You can get addicted to practically anything, and there was once an episode on the A&E show Intervention that dealt with gaming addiction. But these are extreme cases, and it’s hard to take stories like this too seriously because a lot of people spend way too much time on the net and playing games, which doesn’t necessarily make them junkies.
Still, there’s a documentary called Web Junkie about rehabs in China that deprogram teens from the net, and it sounds like pretty frightening stuff. One such place is the Internet Addiction Treatment Center in Beijing, and as the Daily Beast tells us, China is one of the first countries that has seriously considered net addiction a serious disorder and a threat to young people.
The documentary Web Junkie premiered at Sundance, and a number of kids in the film say that they were tricked by their families into being imprisoned in the center. The place seems more like an Orwellian-style brainwashing center, and in one scene they sing a song together that contains the lyrics, “Following orders is an obligation! We must remember the rules and regulations! We should follow orders and not violate them!”
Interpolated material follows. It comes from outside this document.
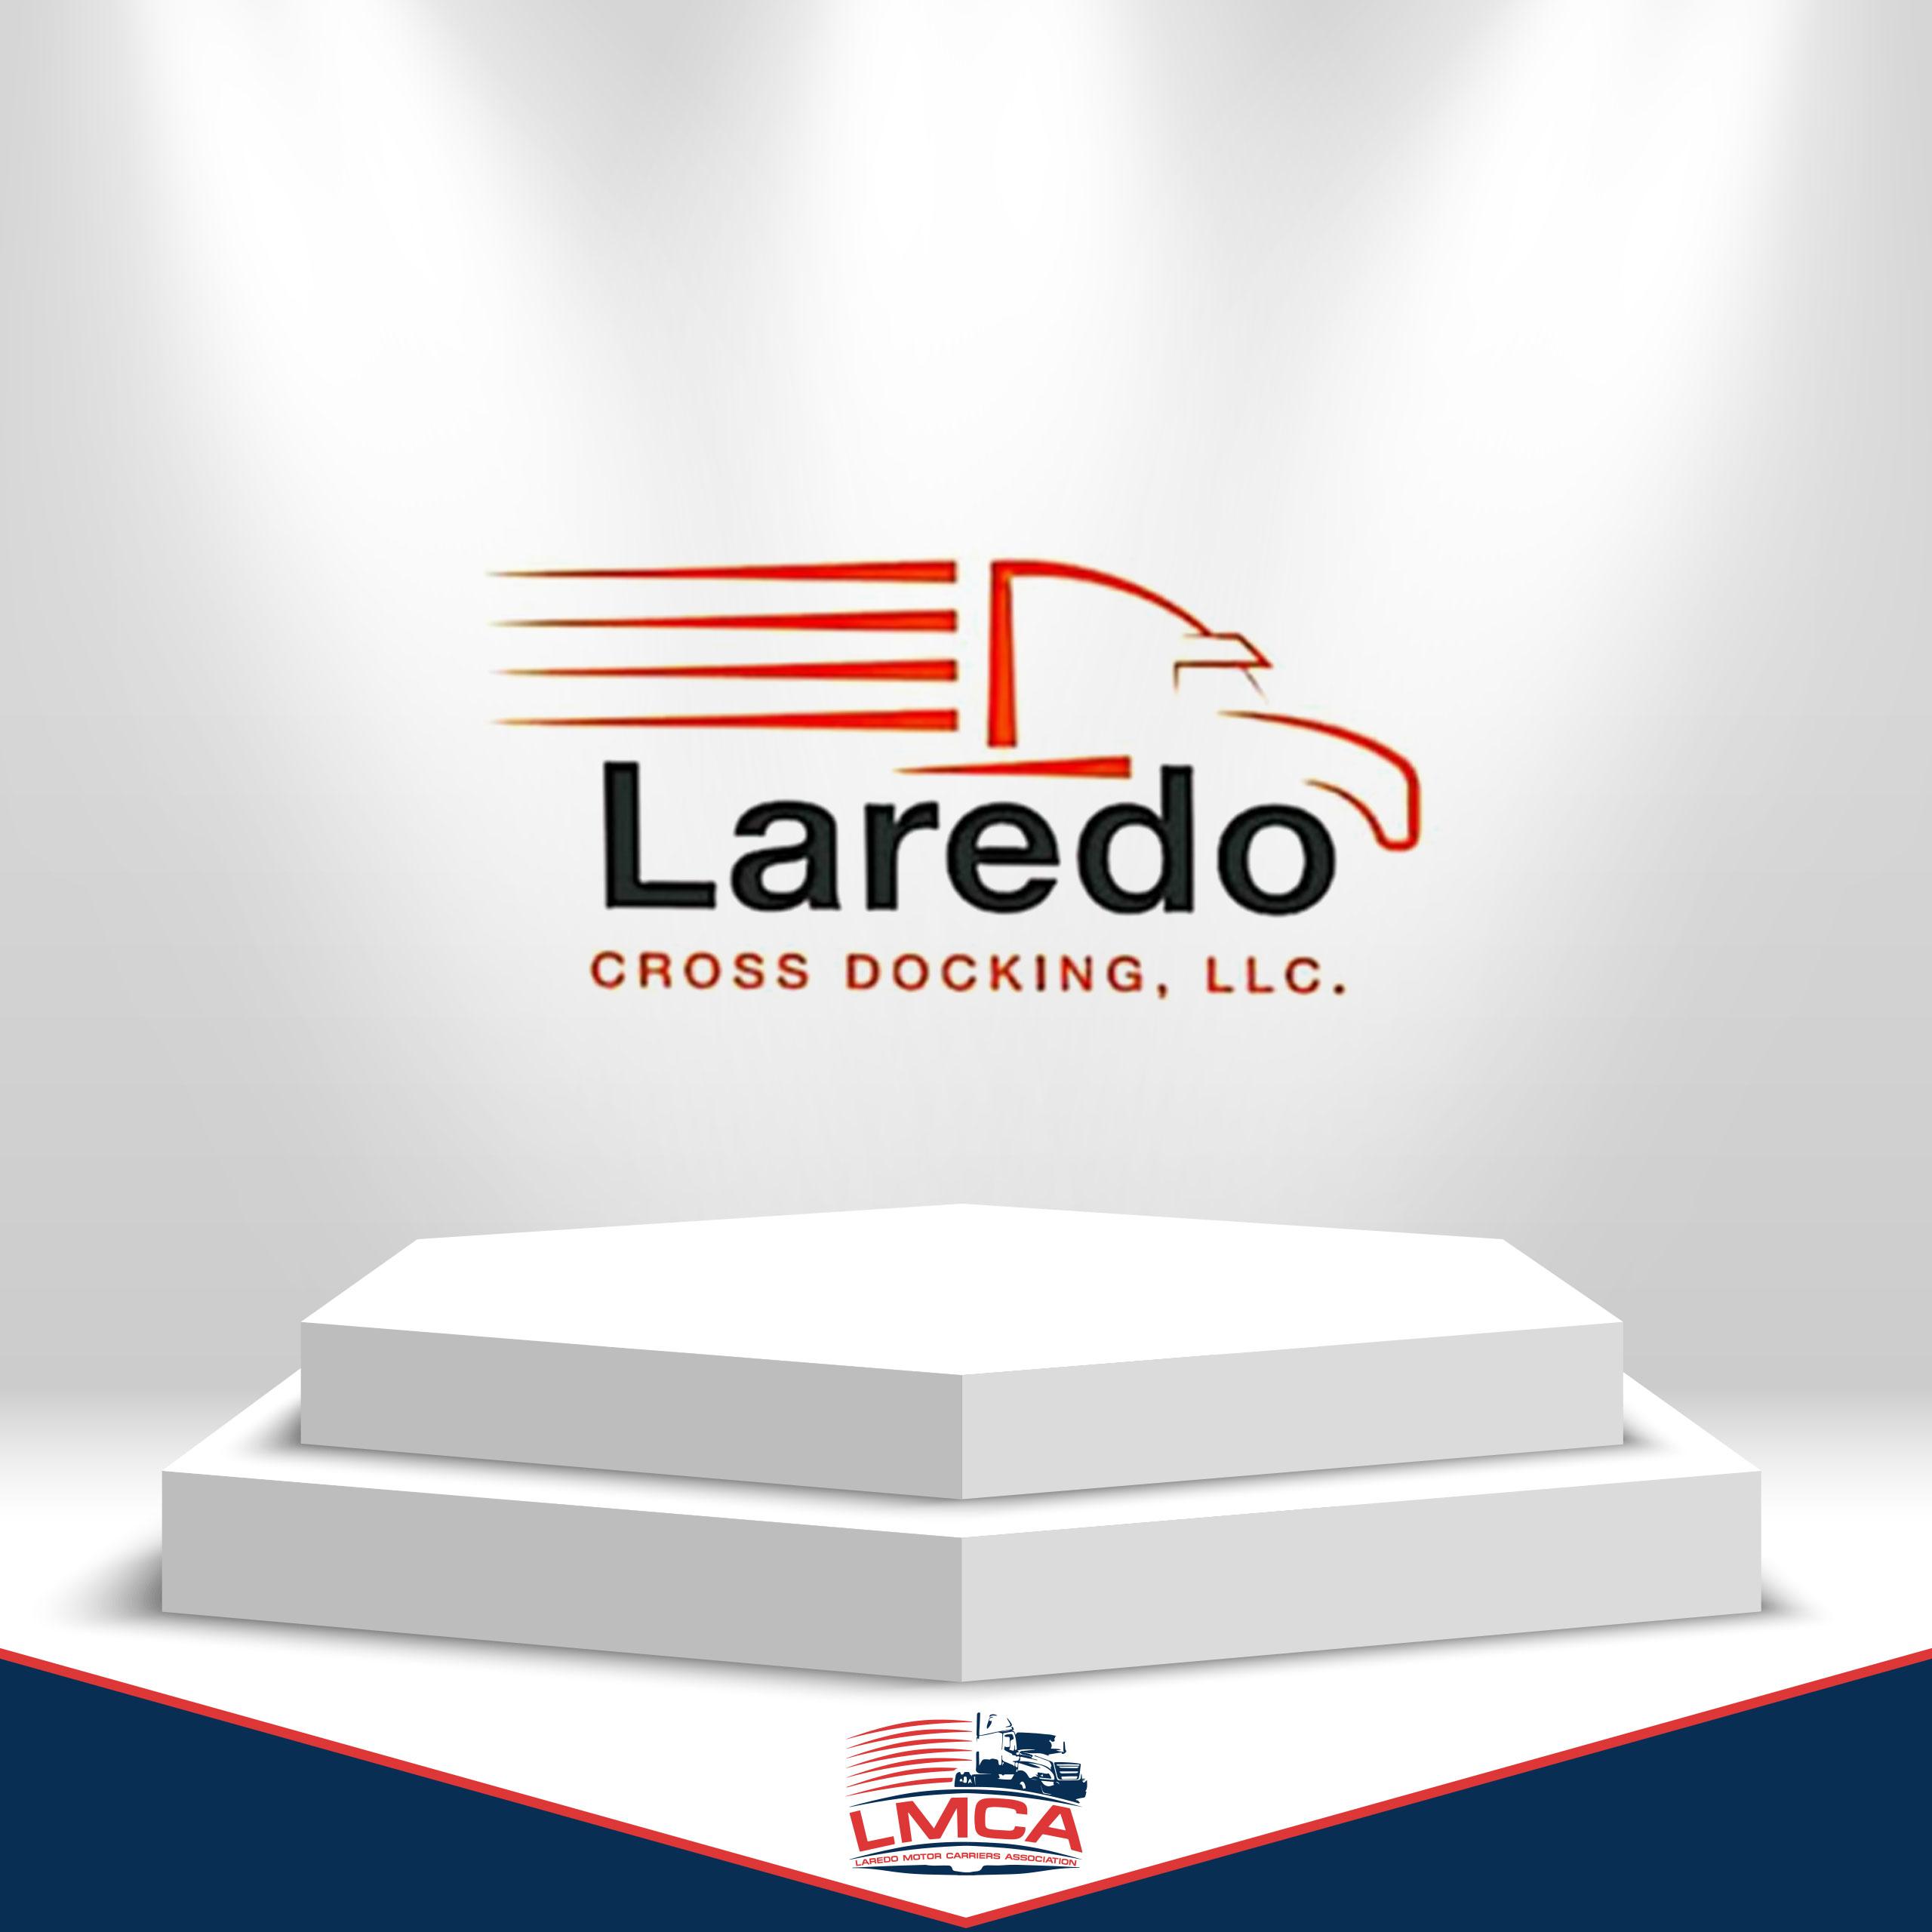 laredo-cross-docking

To be fair, one kid at the center played World of Warcraft for ten hours straight, another claimed he played for nearly fifteen days straight with only small naps for rest. The concern, one addiction specialist at the center said, is that these kids “think that the real world is not as good as the virtual world.”
The Daily Beast wasn’t the only site that found this documentary compelling. This film has gotten rave reviews from a number of places, and we hope that exposure to this film will shed a strong light, not on net addiction, but in rehab reform, because this place sounds like a pretty scary environment for anybody, let alone teenagers.